- Also Known As:
- WILDEST DREAM: Conquest of Everest
- Version
- Languages:
- Length:
- 88 minutes (Uncut)
- Review Format:
- DVD
- Year:
- 2010
- Country:
- Predominant Genre:
- Non-Fiction
- Director:
Director Anthony Geffen - Outstanding Performances:
- None
- Premiss:
- The first men to attempt the summit of the highest mountain in the world.
- Themes:
- Advertising | Alienation | Cowardice | Curative | Destiny | Emotional repression | Loneliness | Materialism | Narcissism | Parasitism | Passivity | Propaganda | Sadomasochism | Schizophrenia | Solipsism | Totalitarianism | The West | White culture | White guilt | White people | White privilege | White supremacy
- Similar To:
- Unknown
- Spin-offs:
- None
The usual White self-indulgence about White men’s desire to conquer – anything – and, thereby, feel that they are in command of everything they fear - especially themselves.

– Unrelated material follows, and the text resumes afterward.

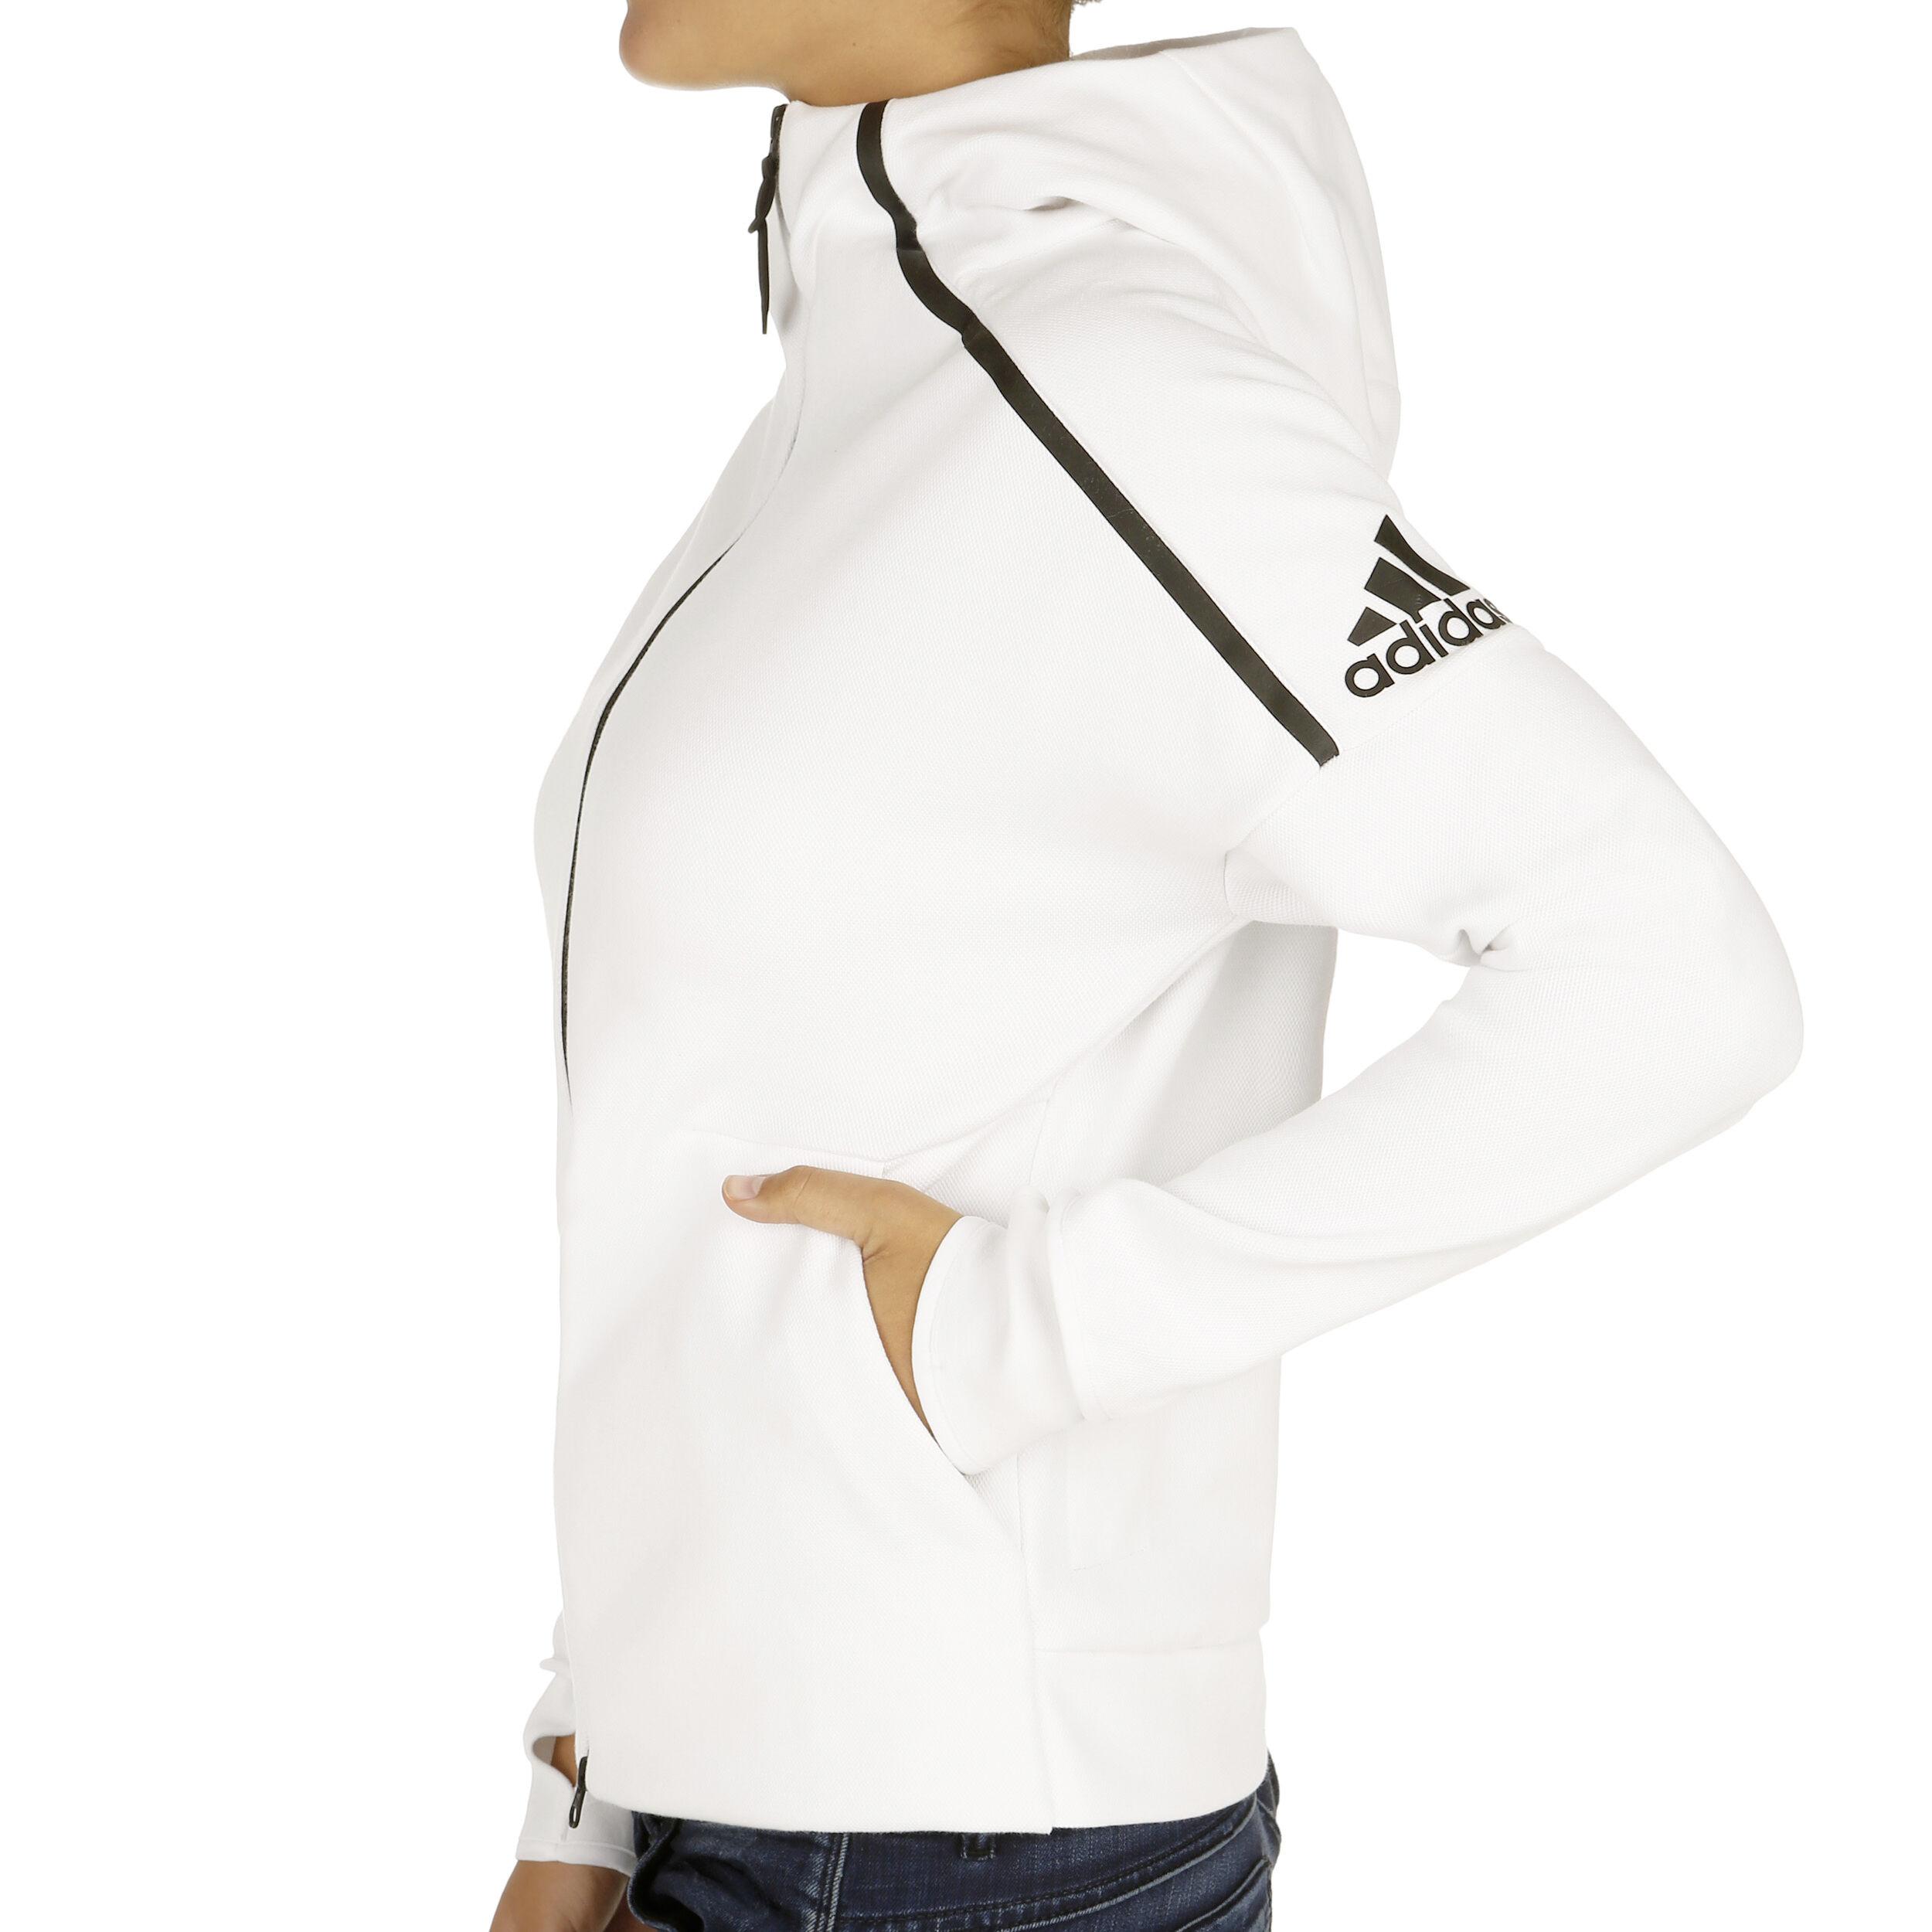 Adidas Laufjacke Damen kaufen | Günstig im Preisvergleich

There is no explanation as to why Whites want to climb mountains - a completely pointless exercise - or walk to the South Pole or on the Sea of Tranquility (not to mention darkest Africa, perfumed Asia & tropical South America). It is as if they feel that being fully human is not enough and that the breathless self‑publicity of meaningless adventuring (along with the vainglorious political posturing it engenders) compensates for what must be empty and rather dissatisfying personal lives: Lives lived without any true sense of curiosity for what is truly important.
The talking heads here spout as if what they are saying is the most profoundly‑insightful and exciting blather ever uttered. But their blank eyes and drone‑like manner of speaking suggest a dearth of any real passion; tacitly‑revealing the emptiness of their desires and, presumably, their lives. What appears to be courage is, in fact, the desperation usually attendant upon trying to live an unexamined life; leading to the strong sense of emotionally‑hollow anti‑climax that always follows such self‑defeating activity.
There is no sense of men communing with nature in any truly‑evocative or deeply‑felt sense, despite the superb cinematography: Nature here is merely a painted backdrop to the vainglory of men who have swapped their souls for vapid, attention‑seeking egos, so that they can escape from having to compete with others possessing similarly-pointless competitiveness in an alienated narcissistic rage that provides them with no means of developing a deep‑seated sense of identity because the child‑like egos keeps getting in the way – a kind of resentful hermitage.
All that we have here is a culture that seeks escape from the mind‑numbing tedium of living in the emotionally‑repressive atmosphere necessary for White supremacy to work. One wonders if all the effort wasted on venturing into inhospitable climates would have been better spent on conquering (er, curing) cancer. Because Whites cannot live in harmony with a nature they are in perpetual conflict with (as shown here), one has a very strong sense that this helps explain climate‑change.